Expand description
Parallel execution support for multi-threaded FFT computation.
Provides a threading abstraction layer with optional Rayon integration for parallelizing FFT operations across multiple CPU cores.
§Overview
OxiFFT’s threading system provides:
- Pluggable thread pools via the
ThreadPooltrait - Automatic parallelization of batch and multi-dimensional FFTs
- Zero-cost abstraction when threading is disabled
§Feature Flag
Threading is controlled by the threading Cargo feature:
[dependencies]
oxifft = { version = "0.1", features = ["threading"] }When disabled, all parallel operations fall back to single-threaded execution with minimal overhead.

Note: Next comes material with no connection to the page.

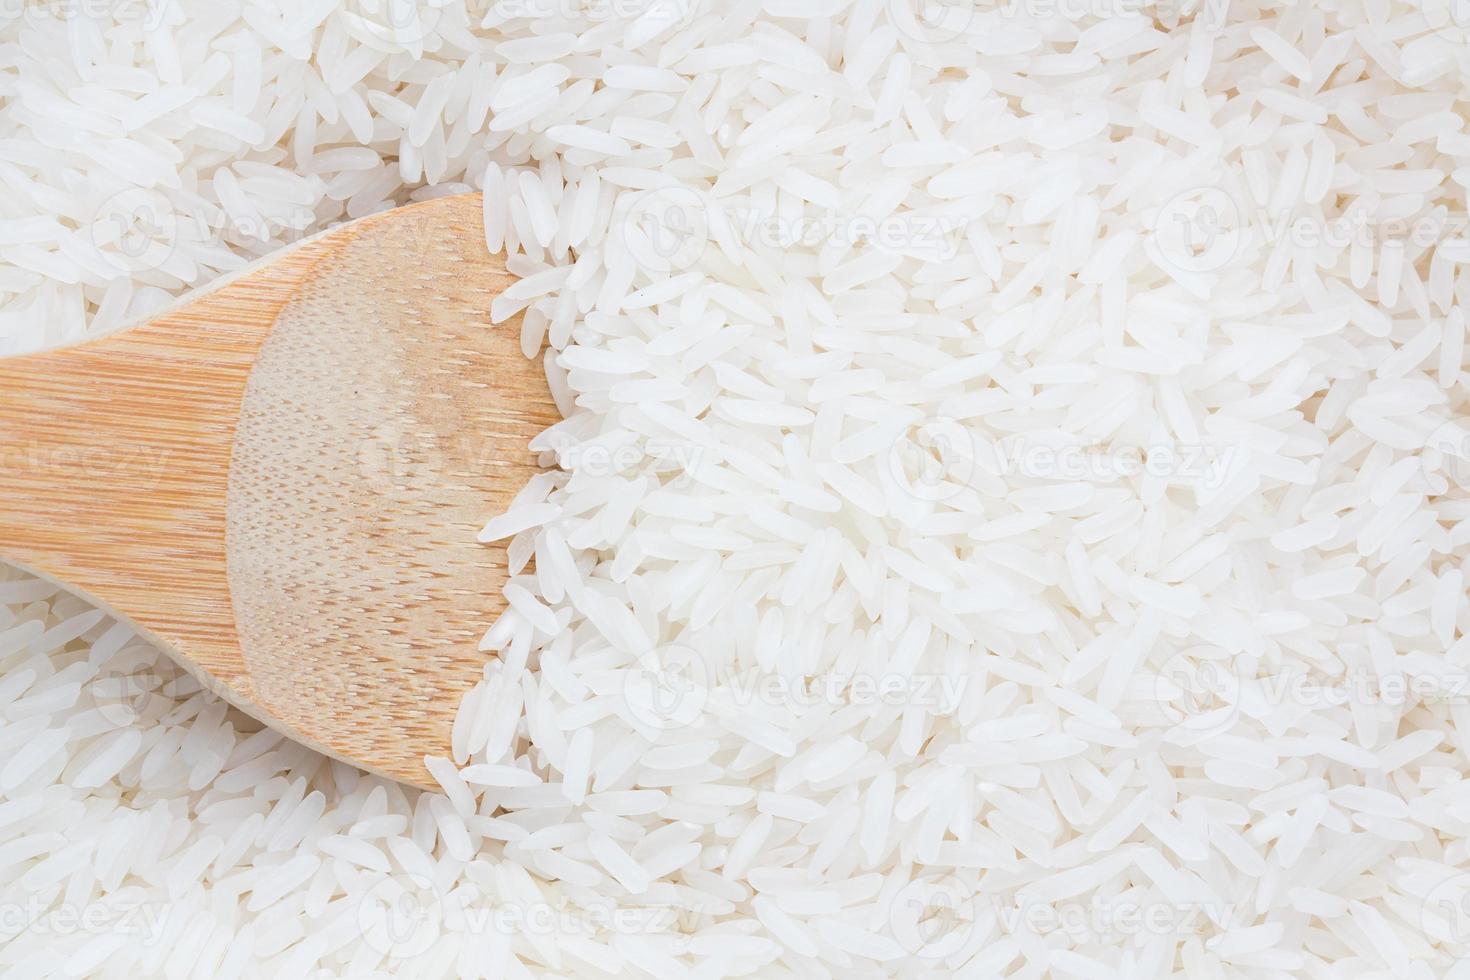 ris på träsked foto

§Thread Pool Implementations
| Pool | Threads | Feature | Use Case |
|---|---|---|---|
SerialPool | 1 | Always | Debug, deterministic execution |
RayonPool | N | threading | Production, maximum throughput |
§Configuration
§Using Default Pool
The simplest approach uses get_default_pool():
use oxifft::threading::{ThreadPool, get_default_pool};
let pool = get_default_pool();
println!("Using {} threads", pool.num_threads());§Explicit Thread Count
Use pool_with_threads() or PoolConfig for explicit control:
use oxifft::threading::{PoolConfig, pool_with_threads};
// Method 1: Direct function
let pool = pool_with_threads(4);
// Method 2: Builder pattern
let pool = PoolConfig::new()
.threads(8)
.build();§Thread Count Guidelines
| Scenario | Recommended Threads |
|---|---|
| Large 1D FFT (>1M points) | CPU cores |
| Batch FFT | CPU cores |
| 2D/3D FFT | CPU cores |
| Small FFT (<4K points) | 1 (overhead dominates) |
| Memory-bound workloads | CPU cores / 2 |
A value of 0 in PoolConfig::threads() uses the system default (typically
the number of logical CPU cores).
§Parallelization Strategies
OxiFFT parallelizes FFTs using two strategies:
§1. Batch Parallelism
For batch transforms, each FFT in the batch can run independently:
// 1000 independent 1024-point FFTs
pool.parallel_for(1000, |batch_idx| {
compute_single_fft(batch_idx);
});§2. Dimensional Parallelism
For multi-dimensional FFTs, rows/columns can be processed in parallel:
// 2D FFT: parallelize over rows
pool.parallel_for(height, |row| {
fft_1d(&mut data[row * width..(row + 1) * width]);
});
// Then parallelize over columns
pool.parallel_for(width, |col| {
fft_1d_strided(&mut data, col, height);
});§Thread Pool Methods
The ThreadPool trait provides several parallel primitives:
| Method | Description | Use Case |
|---|---|---|
parallel_for | Execute over 0..count | Batch processing |
parallel_for_chunks | Chunked iteration | Cache-friendly access |
parallel_split | Recursive divide-and-conquer | Tree algorithms |
join | Fork-join two tasks | Divide and conquer |
§Performance Considerations
§Overhead
Threading introduces overhead from:
- Thread synchronization barriers
- Work stealing (with Rayon)
- Cache coherency traffic
For small FFTs (<4K points), this overhead can exceed the parallel speedup. OxiFFT automatically falls back to serial execution for small transforms.
§Scaling
Expected parallel efficiency:
- Batch FFT: Near-linear scaling up to 8-16 cores
- Large 1D FFT: 2-4x speedup with 8 cores (memory-bound)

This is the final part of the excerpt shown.